> **Exercise**
The expected output is each entry, given again exactly.

Records contained in a dataset
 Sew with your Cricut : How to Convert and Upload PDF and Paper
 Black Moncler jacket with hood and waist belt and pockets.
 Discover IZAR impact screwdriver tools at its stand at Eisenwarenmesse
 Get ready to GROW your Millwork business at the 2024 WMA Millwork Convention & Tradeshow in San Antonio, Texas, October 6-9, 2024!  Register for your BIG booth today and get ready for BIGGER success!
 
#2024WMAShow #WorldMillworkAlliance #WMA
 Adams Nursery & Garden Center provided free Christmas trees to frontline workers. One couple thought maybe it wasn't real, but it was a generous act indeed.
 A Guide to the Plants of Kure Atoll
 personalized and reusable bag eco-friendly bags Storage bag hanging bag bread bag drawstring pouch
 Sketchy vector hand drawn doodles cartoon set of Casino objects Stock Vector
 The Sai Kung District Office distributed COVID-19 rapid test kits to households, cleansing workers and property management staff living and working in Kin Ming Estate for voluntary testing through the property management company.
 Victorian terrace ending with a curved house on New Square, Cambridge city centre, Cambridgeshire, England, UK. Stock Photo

> **Response to this exercise**
 Sew with your Cricut : How to Convert and Upload PDF and Paper
 Black Moncler jacket with hood and waist belt and pockets.
 Discover IZAR impact screwdriver tools at its stand at Eisenwarenmesse
 Get ready to GROW your Millwork business at the 2024 WMA Millwork Convention & Tradeshow in San Antonio, Texas, October 6-9, 2024!  Register for your BIG booth today and get ready for BIGGER success!
 
#2024WMAShow #WorldMillworkAlliance #WMA
 Adams Nursery & Garden Center provided free Christmas trees to frontline workers. One couple thought maybe it wasn't real, but it was a generous act indeed.
 A Guide to the Plants of Kure Atoll
 personalized and reusable bag eco-friendly bags Storage bag hanging bag bread bag drawstring pouch
 Sketchy vector hand drawn doodles cartoon set of Casino objects Stock Vector
 The Sai Kung District Office distributed COVID-19 rapid test kits to households, cleansing workers and property management staff living and working in Kin Ming Estate for voluntary testing through the property management company.
 Victorian terrace ending with a curved house on New Square, Cambridge city centre, Cambridgeshire, England, UK. Stock Photo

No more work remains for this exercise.